Three EIGRP Tables are maintained by EIGRP to execute its operation i.e. Neighbor Table, Topology Table, and IP Routing table for its operation. This article will discuss these three tables in detail.

EIGRP Tables

How EIGRP selects Best Routes?


Step 1 - Establish an adjacency or neighbor-ship (Neighbor Table) with other peers or devices running EIGRP and have a common link subnet.

Step 2 - Store all the routes in the Topology table. Also, exchange the EIGRP topology database (Topology) Table with neighbors formed in step1.

Step 3 - Calculate the best route/path for each subnet present in the Topology Table and install them in the Routing Table.
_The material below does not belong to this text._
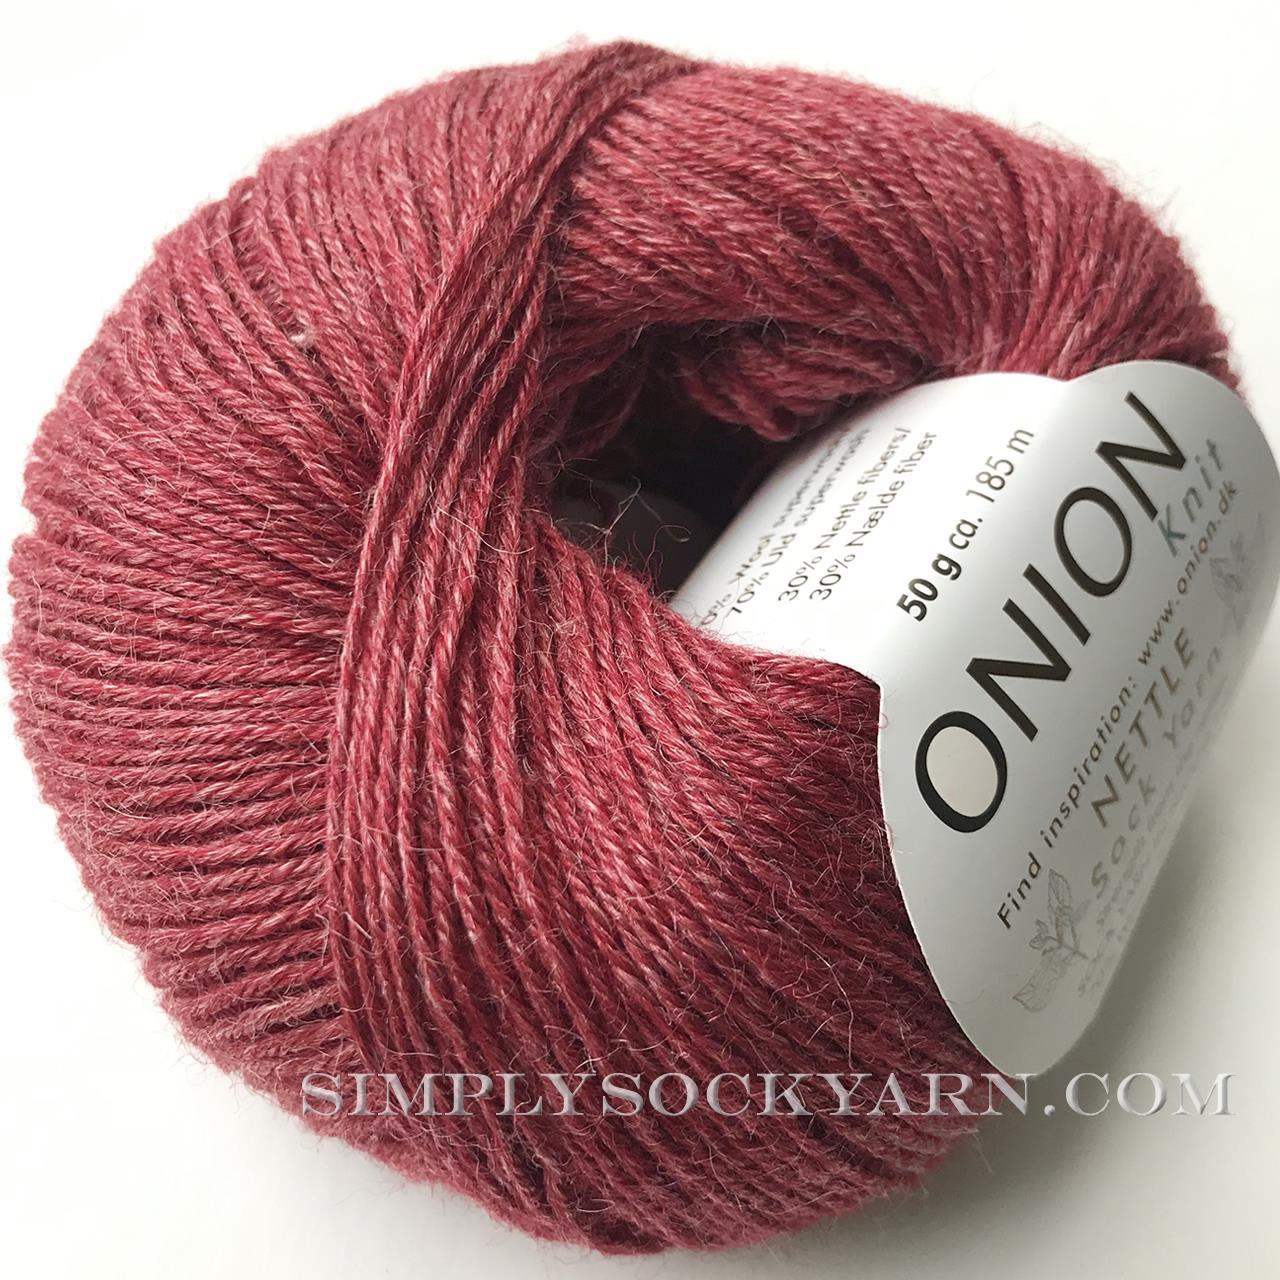 OY Nettle Sock 1008 Dark Red -

Let's discuss each of 3 tables in detail using below topology.

 

EIGRP Tables

 

EIGRP Neighbor Table

It is the first step of EIGRP operation to discover the neighbors. A router running EIGRP multicasts Hello packets to discover the neighbors. An adjacency is created with these neighbors so that it can exchange route updates as a second step. Only the adjacent routers exchange routing information. Each router builds a neighbor table from the Hello packets it receives from adjacent EIGRP routers. To check the neighbor table, you can run "show ip eigrp neighbors" command.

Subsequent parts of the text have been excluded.